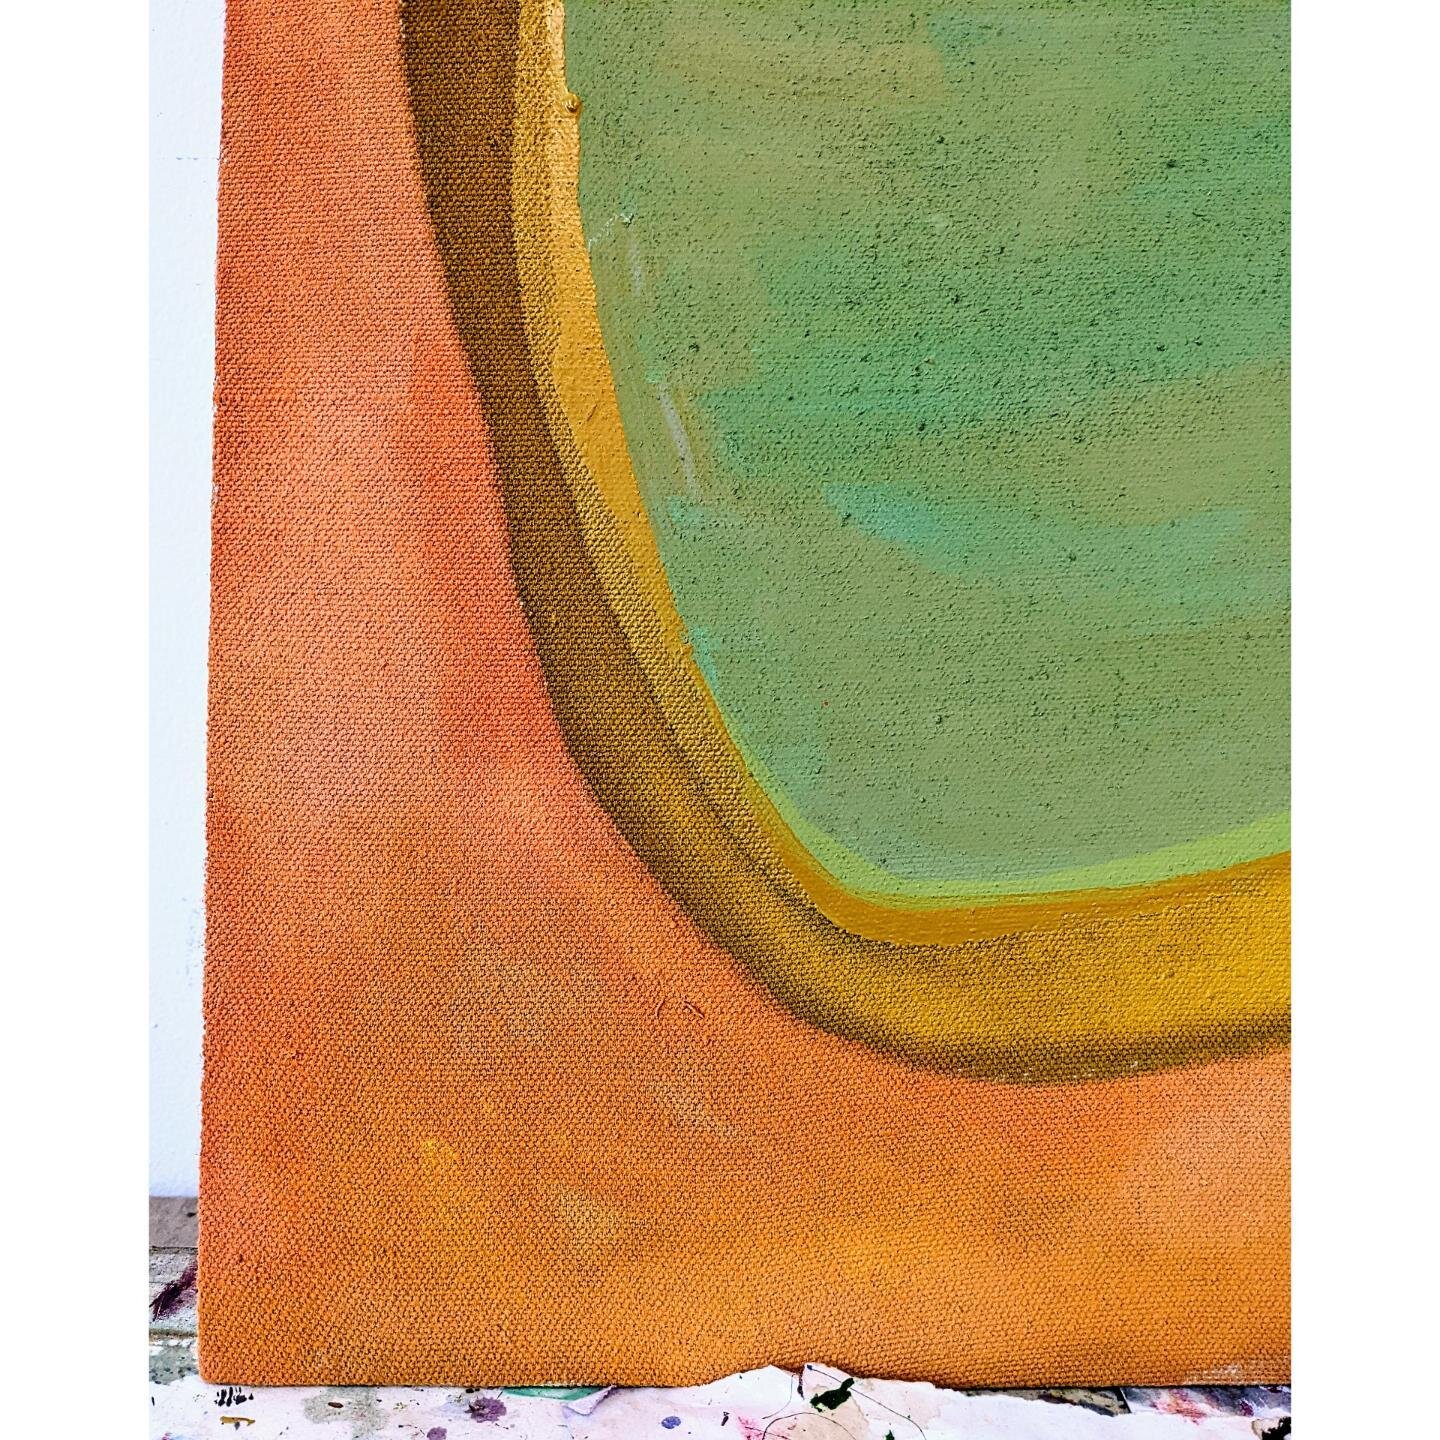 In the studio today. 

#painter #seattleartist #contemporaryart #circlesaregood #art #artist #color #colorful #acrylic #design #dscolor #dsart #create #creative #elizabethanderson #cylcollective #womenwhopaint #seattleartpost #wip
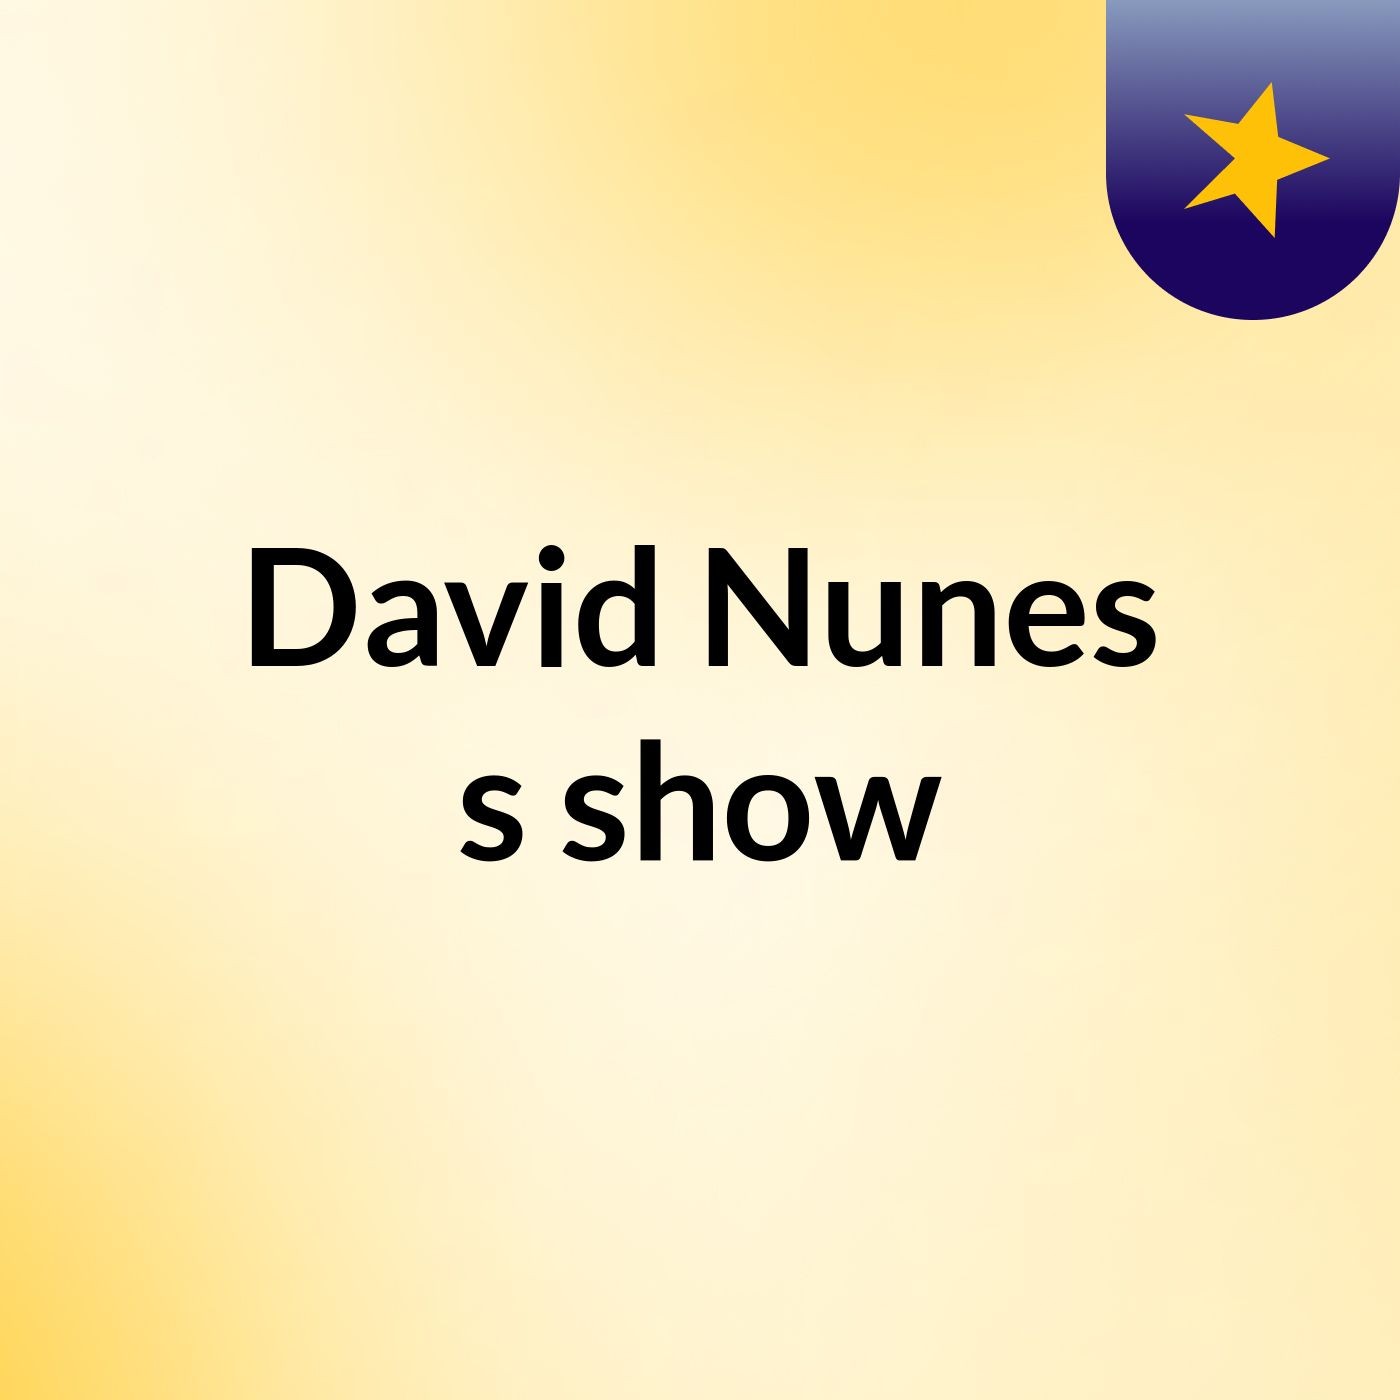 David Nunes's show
=-=-=-=-=
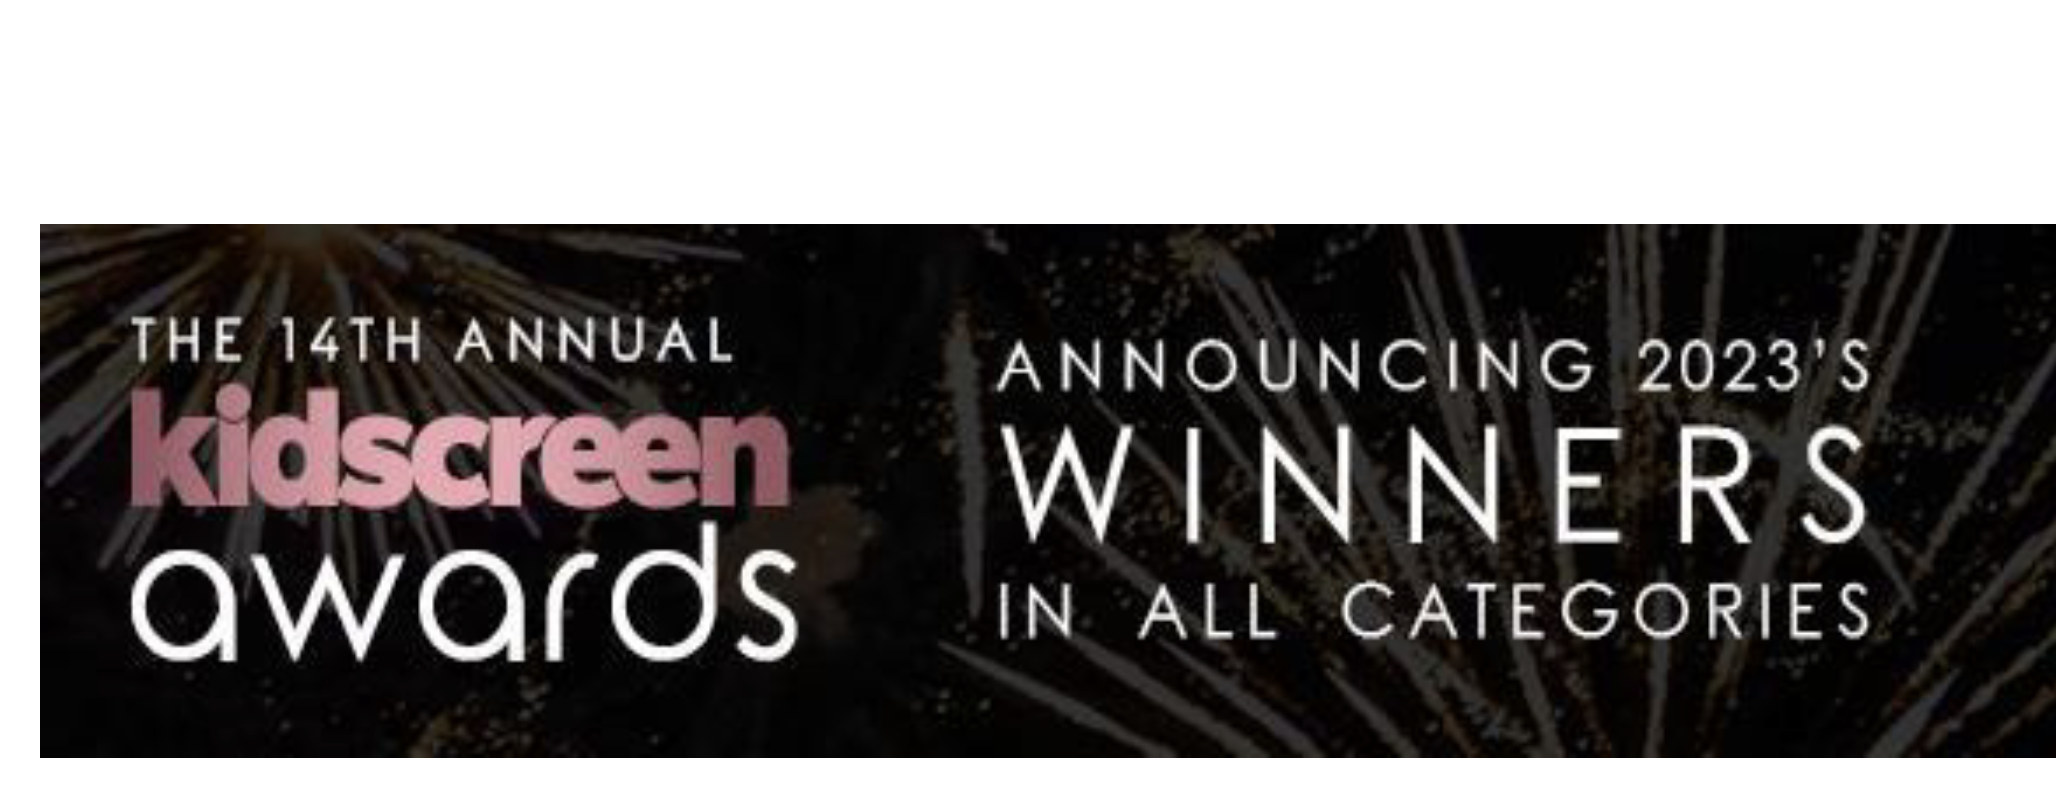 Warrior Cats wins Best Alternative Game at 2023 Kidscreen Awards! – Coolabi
=-=-=-=-=
### TASK BRIEF:
Look above for the line containing "In the studio today.", then write out every line from there down to the line containing "David Nunes's show", that line included, with no pictures.

### WRITTEN SOLUTION:
 In the studio today. 

#painter #seattleartist #contemporaryart #circlesaregood #art #artist #color #colorful #acrylic #design #dscolor #dsart #create #creative #elizabethanderson #cylcollective #womenwhopaint #seattleartpost #wip
 David Nunes's show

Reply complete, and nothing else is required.